Thompson is far from Golden State’s only problem. The bench, which is a whole other story with this two-timeline thing the Warriors are trying to do, has killed them. The defense, which used to be elite in large part because of Thompson, is giving up open looks like it’s an All-Star game. Still, Thompson’s woes notwithstanding, the Warriors’ starting lineup is outscoring opponents by 21 points per 100 possessions, per Cleaning the Glass, second only to Dallas’ newest starting lineup among all five-man units that have logged at least 200 possessions together, and the best mark among all lineups north of Dallas’ 208 possessions. 

But you have to wonder how long even that lineup can stay this deep in the black if Thompson keeps playing like this. The Warriors, after all, can’t just rely on normal positive minutes from their starting lineup; they have to kill those minutes because once the bench enters the fray, things go into the tank quickly. 

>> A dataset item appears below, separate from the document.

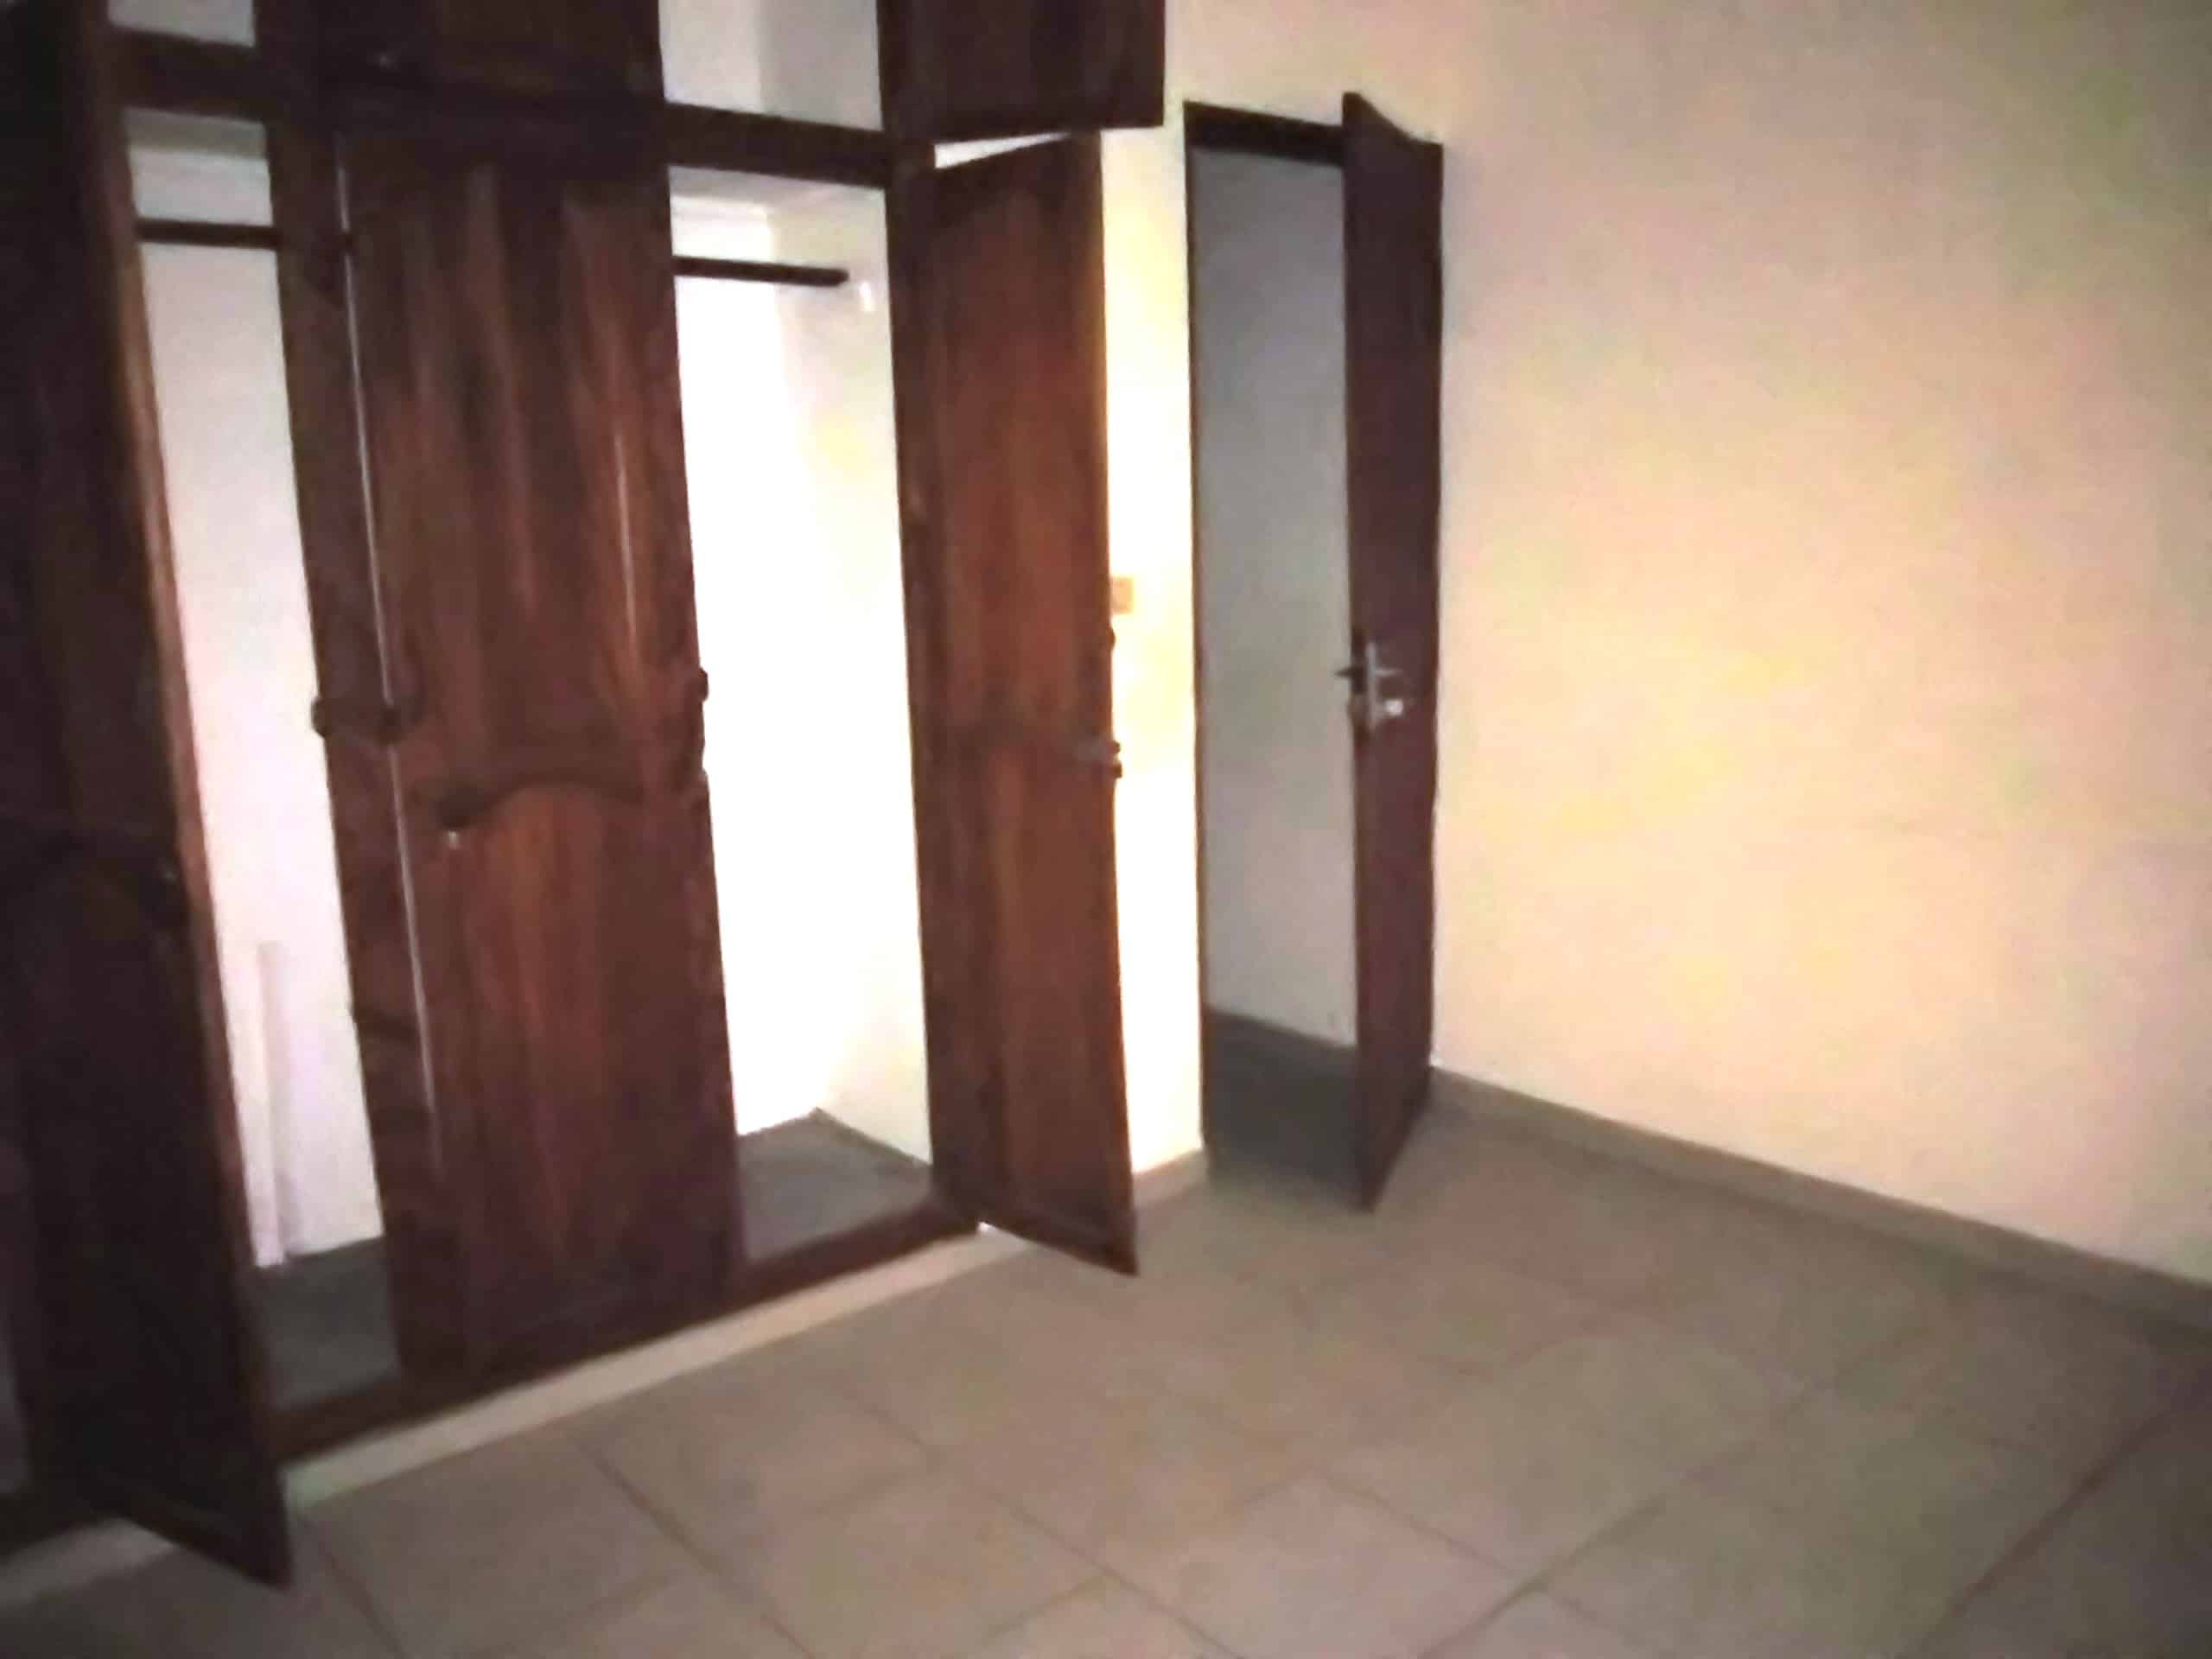 Chambre à louer - Douala, Makepe, petit pays - 35 000 FCFA / mois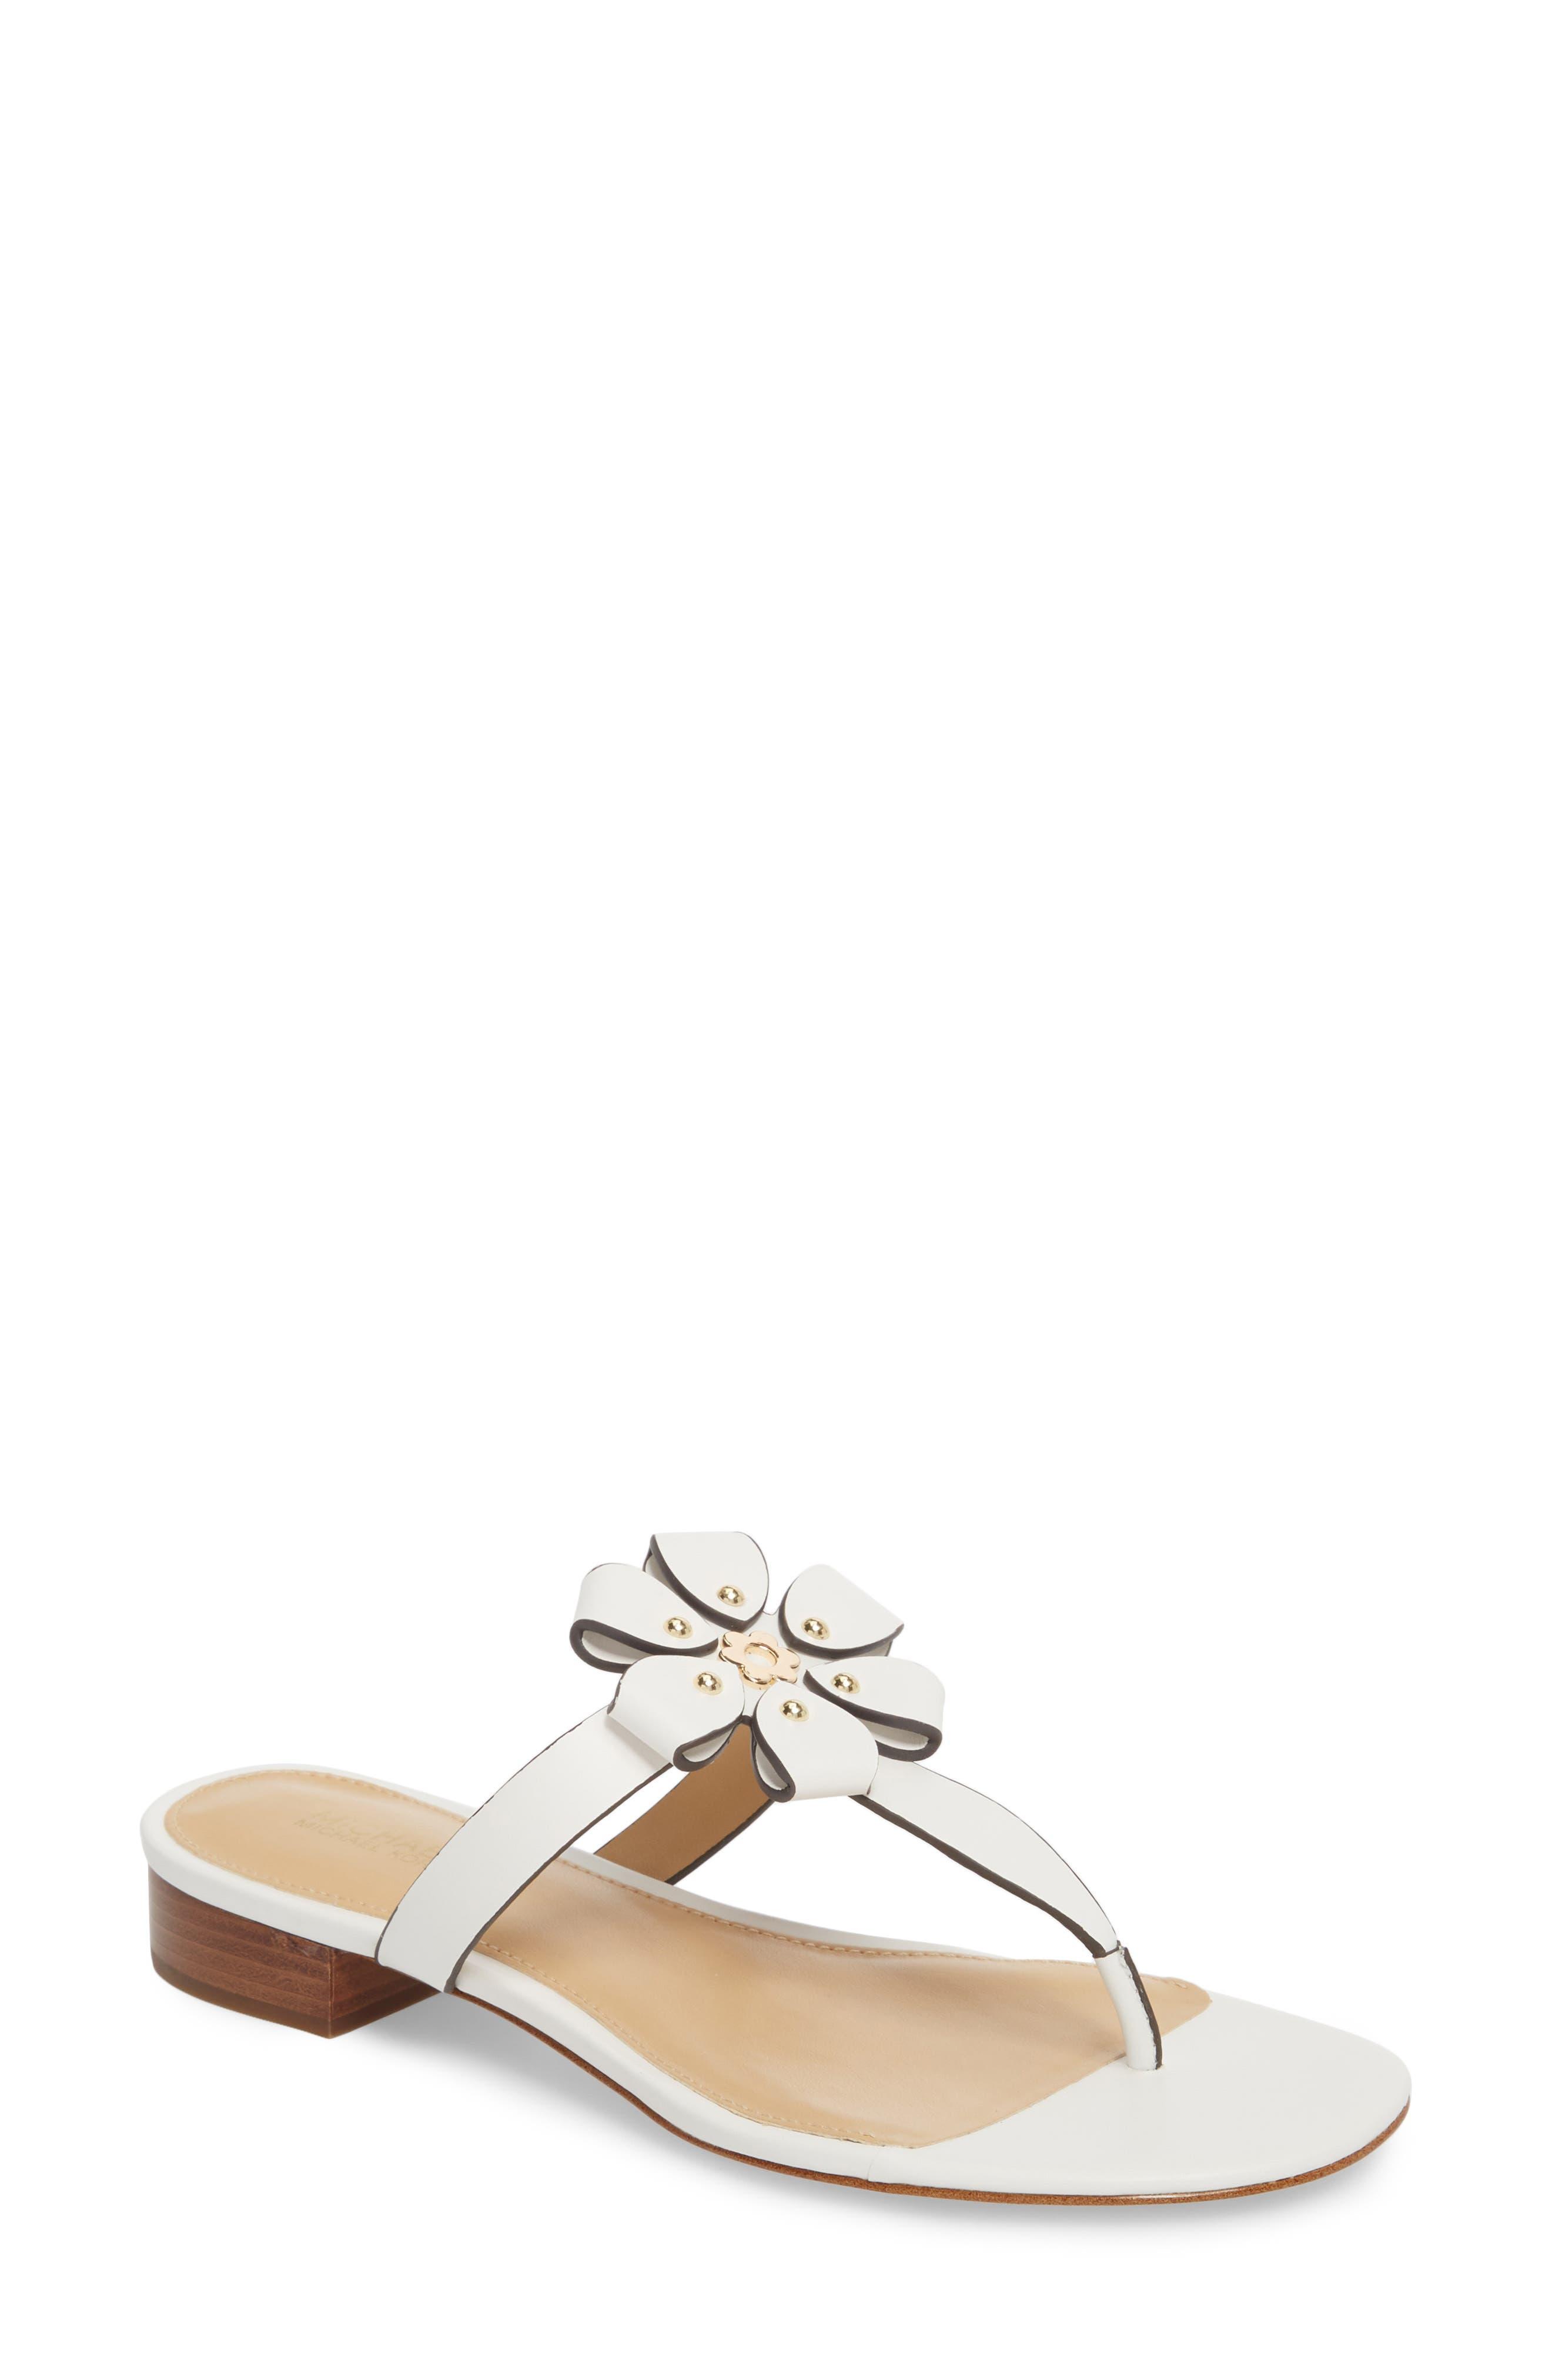 Tara Flip Flop,                             Main thumbnail 1, color,                             Optic White Leather

Curry is doing more than his part. He’s been the best player in the league this season. He put 50 on the Suns on Wednesday, and the Warriors still lost pretty convincingly. He used to have a running partner. Steve Kerr is going to give Thompson a ton of slack, and he should. Thompson has earned that, and the Warriors, barring a trade, cannot win another championship without him. As this roster is currently constructed, he has to get it going. 

I’m still betting that he will. He’s too great a shooter. Too proud a competitor. But with the Warriors sitting at 6-9, including 0-8 on the road, in a Western Conference that boasts no fewer than eight teams likely to be fighting for a top-four seed, it has to happen pretty soon.